In the light of the text of the Act of 1934, amending Section [1001], and its legislative history [the amendment broadened the coverage of the statute from false statements intended to cheat and swindle the government to false statements made in any matter within the jurisdiction of a government agency], it is also clear that the fact that the penalty prescribed by Section [1001] was greater than that fixed by the [Hot Oil Act] has no significance in connection with the construction and application of the former. The matter of penalties lay within the discretion of Congress. Section [1001] covered a variety of offenses and the penalties prescribed were maximum penalties which gave a range for judicial sentences according to the circumstances and gravity of particular violations.

 

Similarly lacking in merit is the contention that the [Hot Oil Act] operated to repeal Section [1001] as amended in 1934, so far as the latter applied to affidavits, documents, etc., presented in relation to "hot oil". There was no express repeal and there was no repugnancy in the subject matter of the two statutes which would justify an implication of repeal.
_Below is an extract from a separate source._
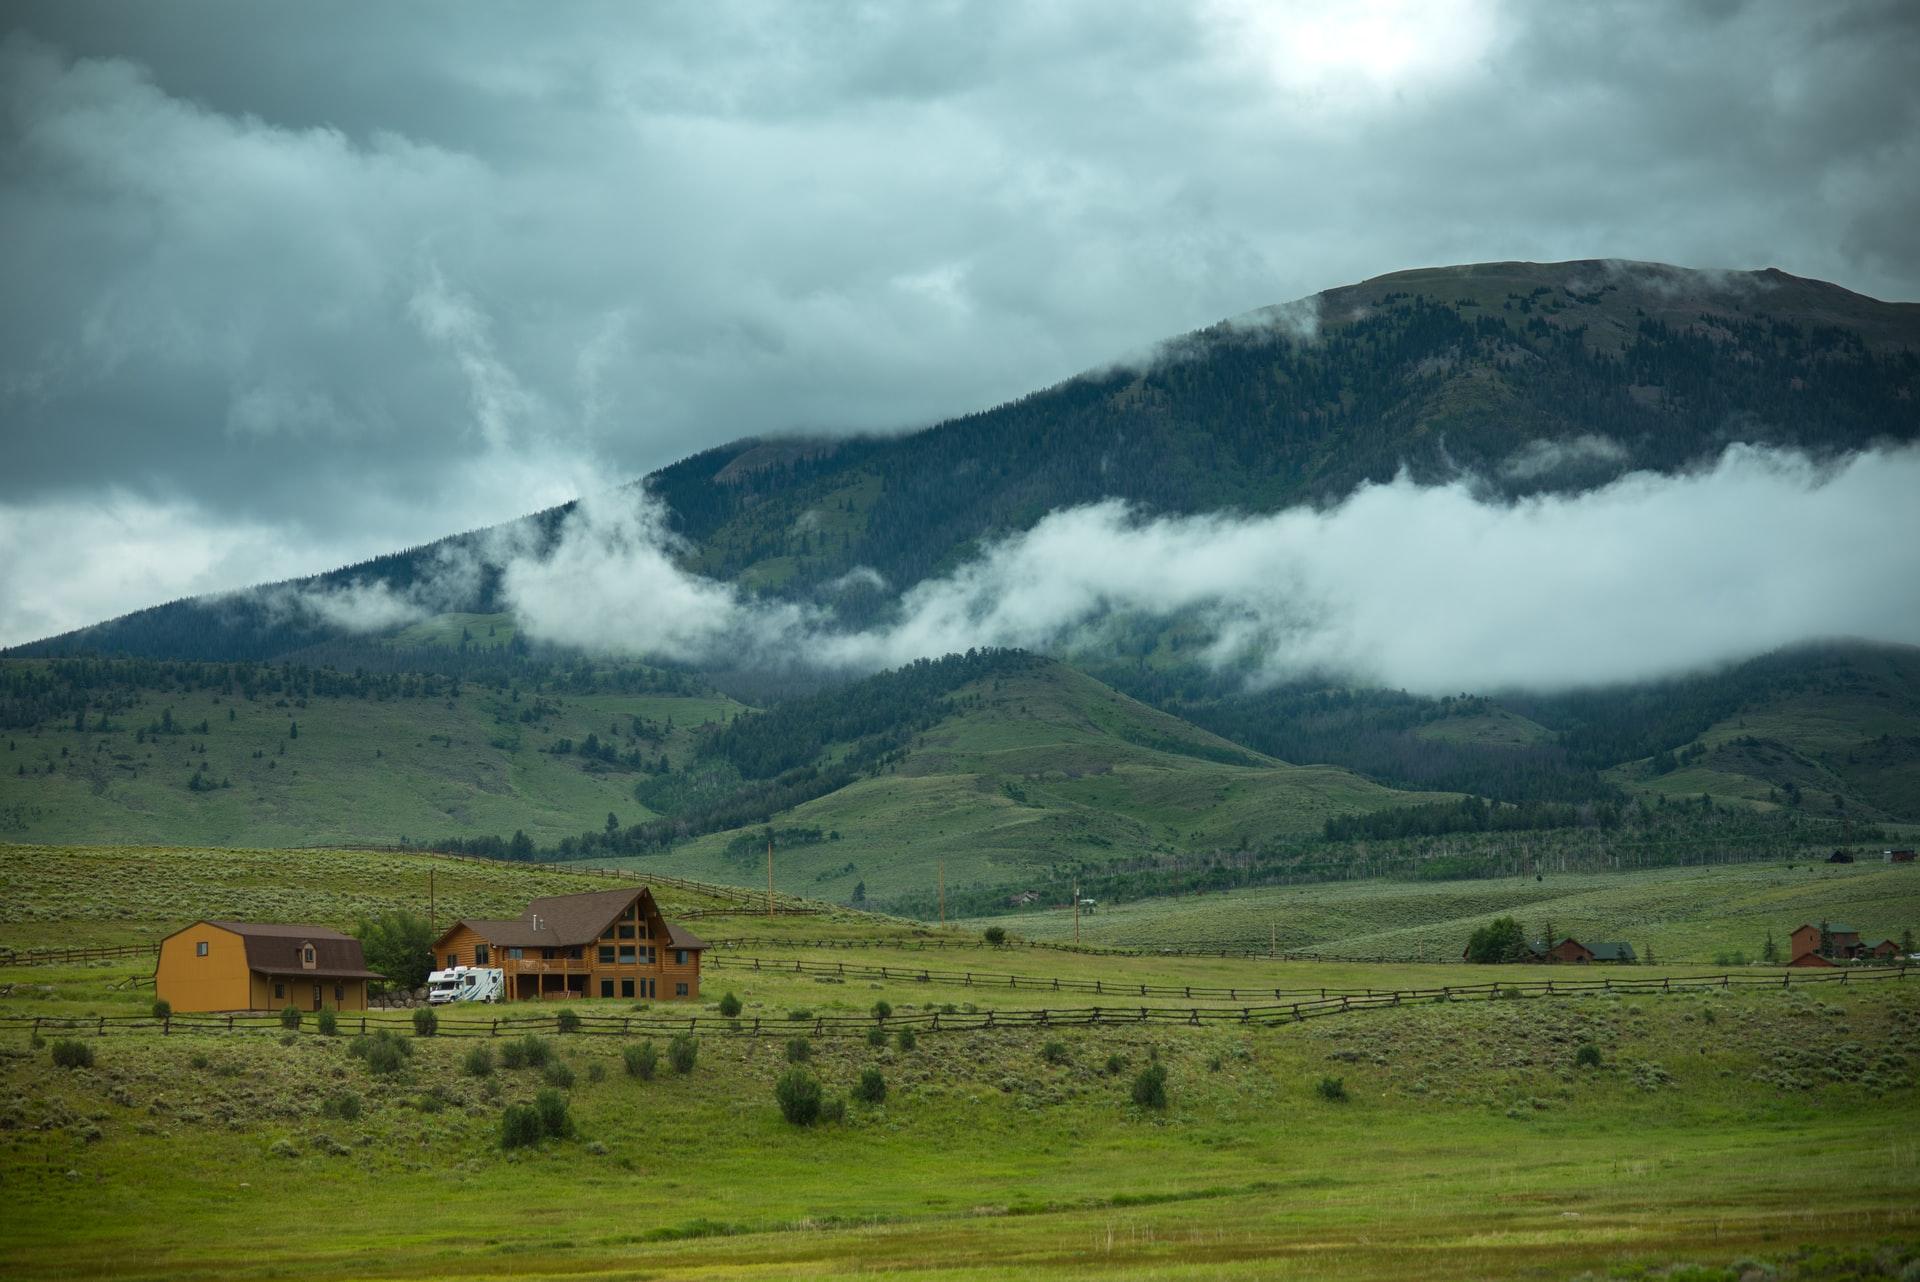 Colorado Real estate market

The Act of 1934 with its provision as to false and fraudulent papers, has its place as a fitting complement to the [Hot Oil Act] as well as to other statutes under which, in connection with the authorized action of governmental departments or agencies, the presentation of affidavits, documents, etc., is required. There is no indication of an intent to make the [Hot Oil Act] a substitute for any part of the provision in Section [1001].

 312 U.S. at 95-96, 61 S. Ct. at 523. We agree with the opinion in Ehrlich v. United States, 238 F.2d 481, 485 (5th Cir. 1956), that the Gilliland decision settles the rule that the government may elect, where a single act violates more than one statute, to prosecute under either. As the Second Circuit wrote in United States v. Eisenmann, 396 F.2d 565, 568 (1968):

 

There are many acts which are made criminal by two or more sections of the Code, and if the government chooses to prosecute the actor under the section providing the harsher penalty, he cannot complain.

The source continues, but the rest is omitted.